Robert H. Frank is a Cornell economist who is happy to rethink the axioms of his trade when they don’t square with real-world outcomes. To appreciate how refreshing that is, just consider the blindness of his profession to the tumorous swelling of the 2000s credit bubble. That phenomenon violated the prevailing economic doctrine, and consequently most economists ignored it.

Frank was among the early “behavioral” economists, mavericks who had noticed that real people frequently acted in ways that economists thought irrational. Consider the phenomenon of “inequity aversion.” A is given $100 that he must divide between himself and B. B can veto the division, but if he does, neither of them gets anything. Rationally, if A proposes a $99-$1 split, B should accept it, because that’s better than nothing. In thousands of experiments, however, B almost never accepts such a deal—better to get nothing than be a party to an outcome so obviously unfair.

Such behavior seems wired. If monkeys are trained to perform a task by being rewarded with cucumbers, they will go on strike if they see another group performing the same task for grapes, a more appetizing reward. To Frank, such behavior suggests that “nature marks on a curve.” Grapes and cucumbers are “positional” goods. Their value depends on what your neighbor has. Cucumbers are worth working for, unless your peers are being paid in grapes.

Charles Darwin was well acquainted with the works of the classical economists, but he went beyond them with the insight that the self-interest of the individual is often strikingly divergent from the interests of the species. Frank adds that it is usually the race for positional goods that causes the most damage.

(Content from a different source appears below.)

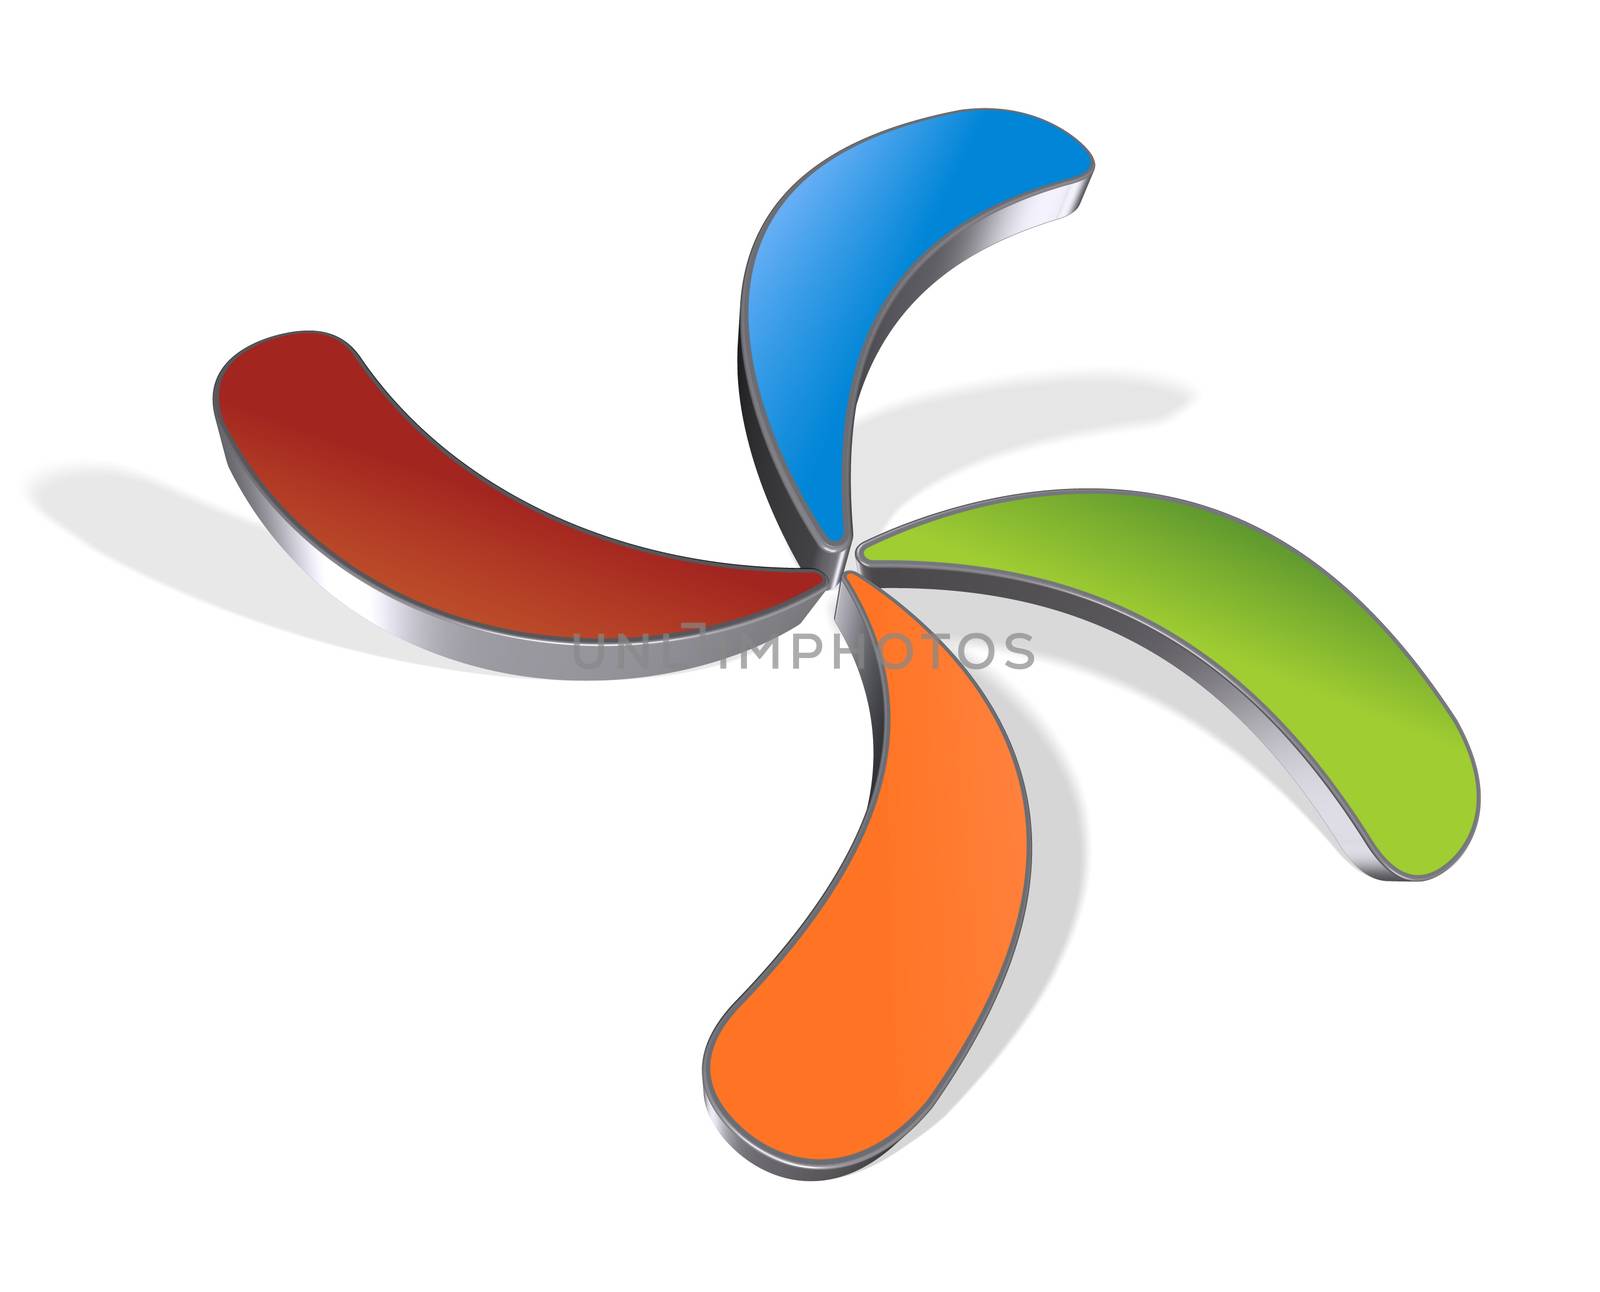  Abstarct logo branding design by stelian

Take the example of bull elks. The one with the biggest antlers usually wins the battle for insemination privileges with the herd’s cows, a positional good. But since oversized antlers get caught in trees, the evolutionary antler arms race makes all the bulls more vulnerable to woodland predators.

Top hedge-fund managers have amassed astonishing amounts of money, but their very success may be destroying the economy. Their antlers are too big. The top 1 percent of earners now collect nearly 24 percent of all taxable income, up from 9 percent in 1980. That upward shift of income has markedly depressed middle-class incomes, a fact temporarily masked by the credit bubble. Now with the bubble blown, the country struggles with bad debts, depressed purchasing power, and the flight of capital to the hope-filled pastures of emerging markets. To make matters worse, a big slice of our brightest and most technically trained graduates is engaged in wasteful schemings to skim yet more money from the core economy. In effect, a small number of bull elks have succeeded beyond previous imaginings, but the herd is in desperate shape.

The practical implications of Frank’s insight are quite broad. Most economic models are built on the assumption that the best outcome for any rational “representative agent” will also be the best outcome for the entire economy. Post-crash, that’s obviously false. But the profession clings to it still, in part for lack of an alternative—which Frank is attempting to supply.

The policy implications of “Darwin” economics are quite progressive. It makes a strong case for steep marginal tax rates for top earners—keeping bull elks’ antlers smaller for the good of the species. An additional benefit of high tax rates might be to shift some bright Wall Street engineers back to designing real things.

Frank’s arguments from his paradigm to his policies are occasionally a bit strained. One suspects that he favored the policies well before he found a tool to make them ineluctable. All conservative economists do the same thing, of course, and often get paid prodigious amounts for proving the desirability of whatever the financial lobbyists are selling. Frank’s recommendations, moreover, almost all lean against the insatiable acquisitiveness of our modern economic baronage.

My favorite of the Frank perennials is his “progressive consumption tax.” Conservatives like consumption taxes, for they prod toward greater investment and savings, which the United States badly needs. But there is no reason why they should be regressive. Choose a number representing some minimum family consumption—say $30,000—and add a rising tax on consumption spending beyond that amount. (The bookkeeping is fairly easy: income − savings = consumption.) The top bracket tax could be 100 percent or even higher. At the 100-percent rate, if the hedge fund guru Steve Schwarzman wants to give himself a $3-million birthday party, it will cost him an additional $3 million in taxes.

Frank manages to write breezily and with a minimum of jargon. His book deserves wide readership among people who suspect that something has gone drastically wrong with the modern economy.

Charles R. Morris was an author and columnist for Commonweal.